Nothing but the text should be carried over: reproduce all the data exactly and leave out every image.

**COLLECTED DATA:**
=-=-=-=-=
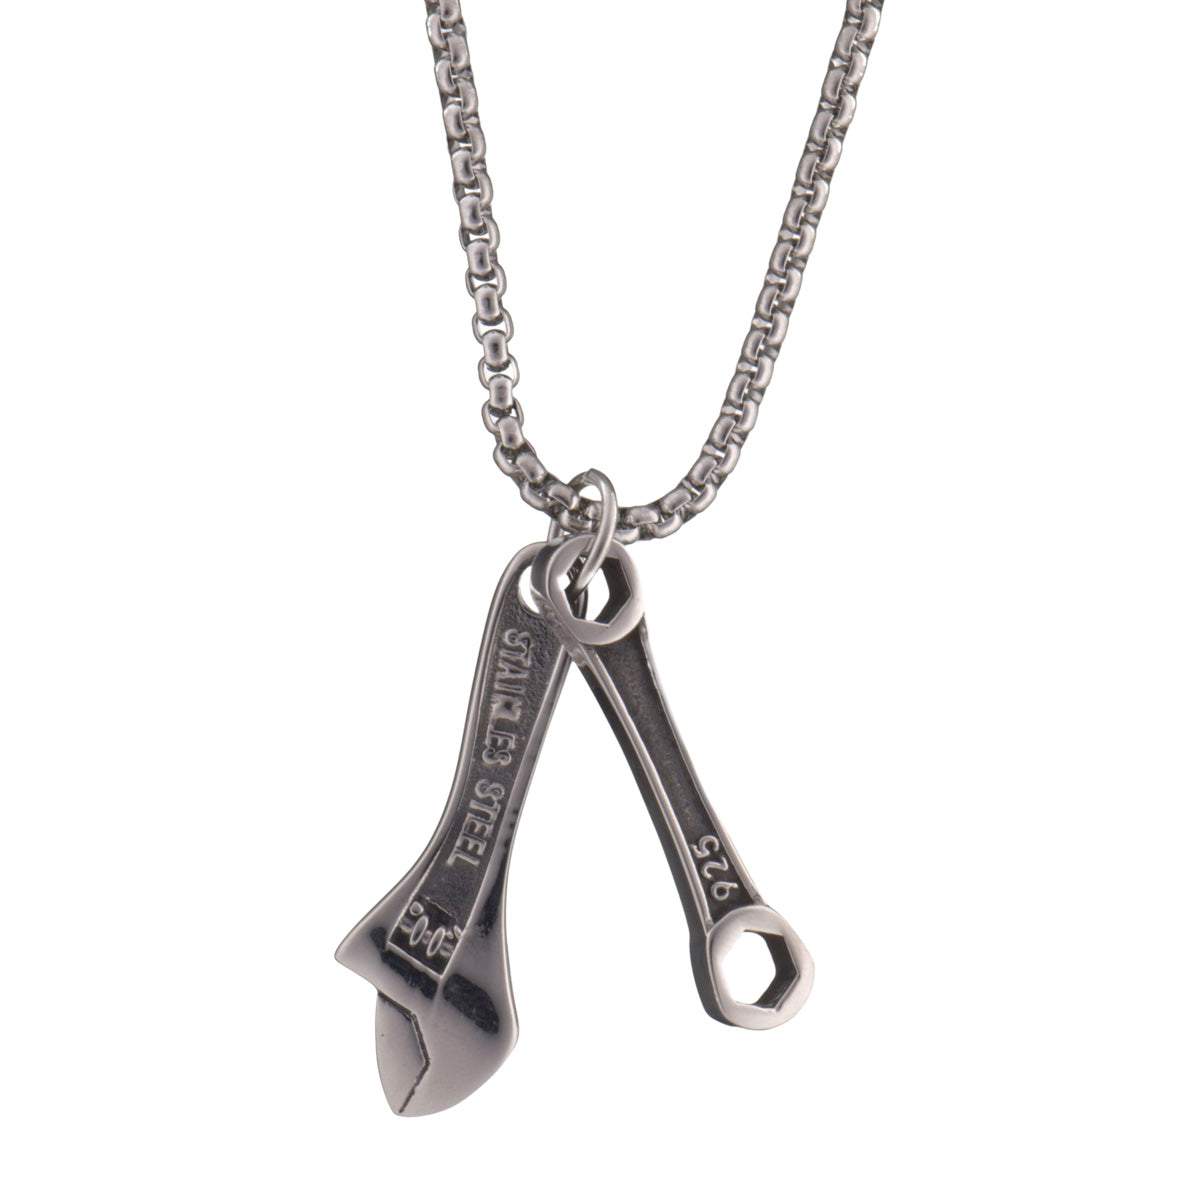 Dividing wrench pendant necklace 60cm (steel 316L)
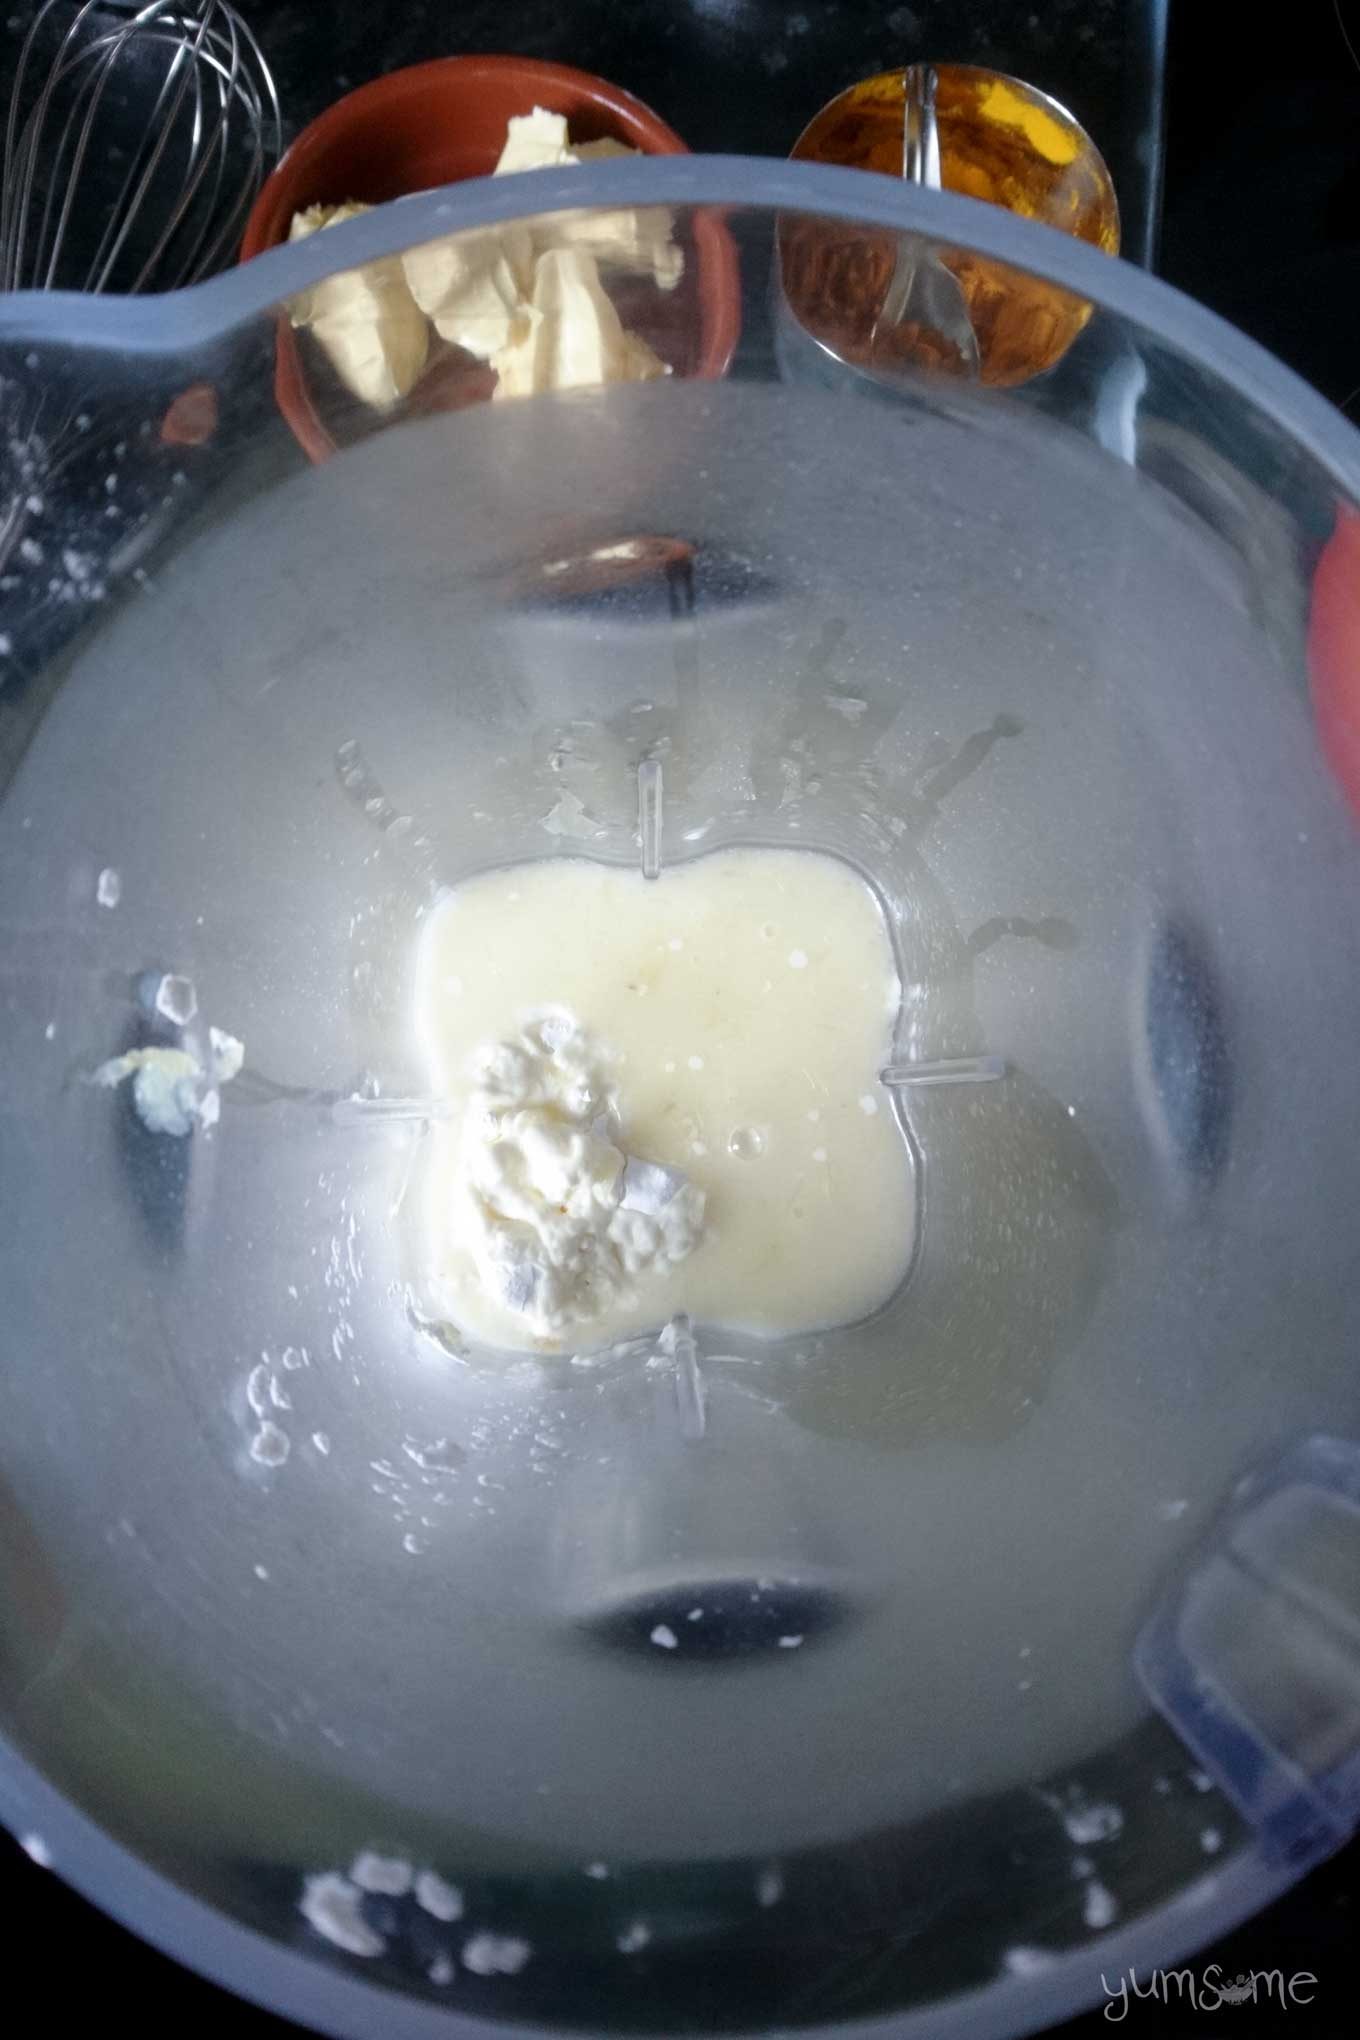 Lemon curd ingredients in a blender jug.
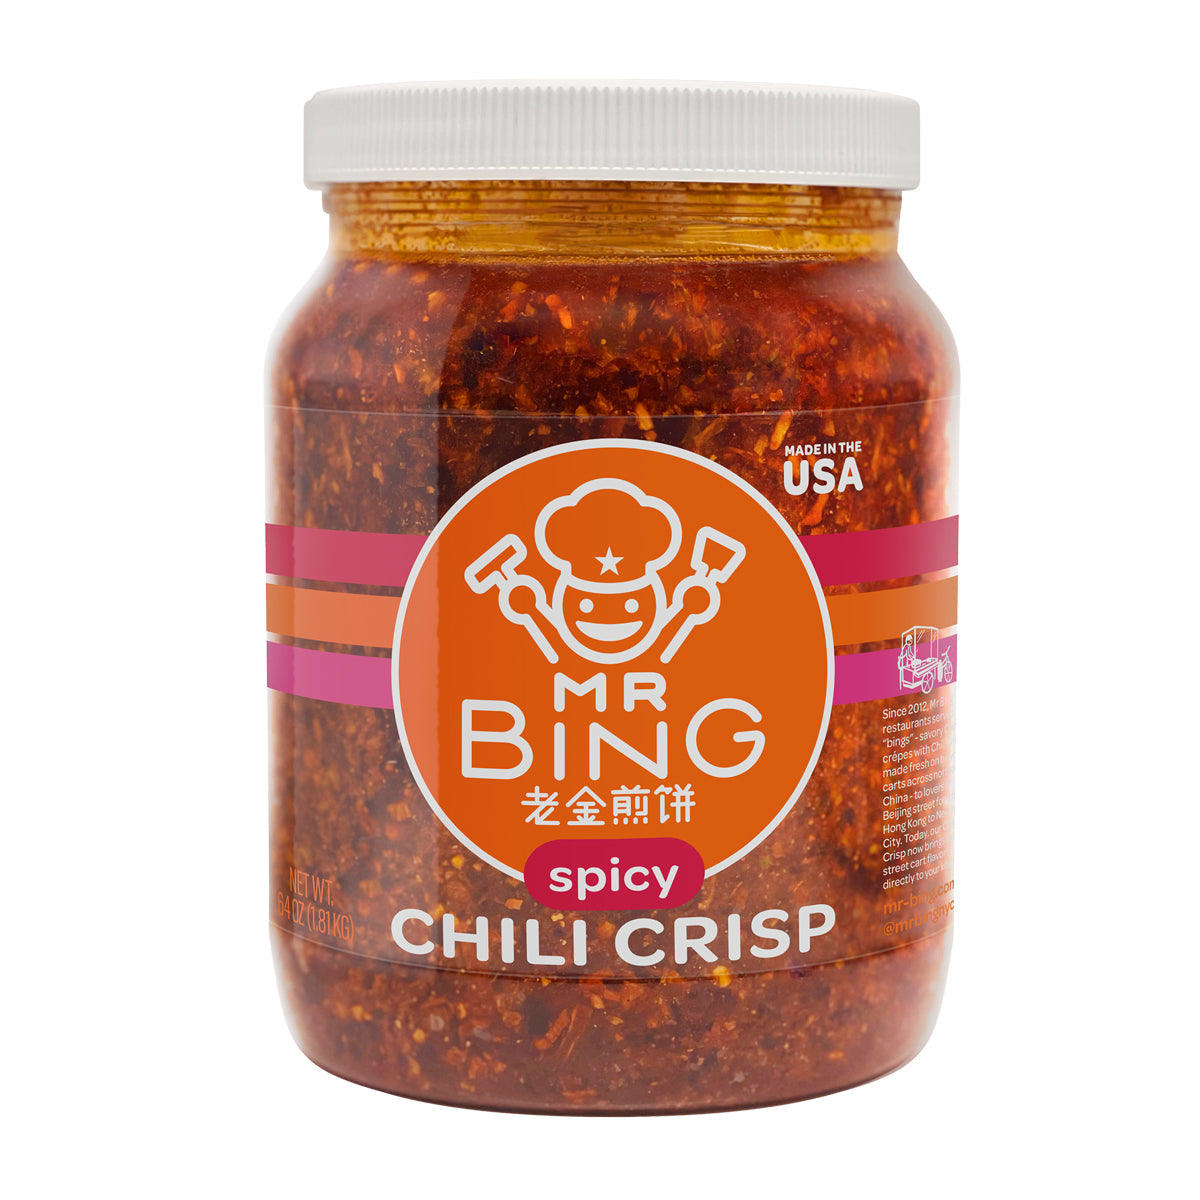 Mr. Bing Spicy Chili Crisp Oil
=-=-=-=-=
**RESULT FOR THIS TASK:**
 Dividing wrench pendant necklace 60cm (steel 316L)
 Lemon curd ingredients in a blender jug.
 Mr. Bing Spicy Chili Crisp Oil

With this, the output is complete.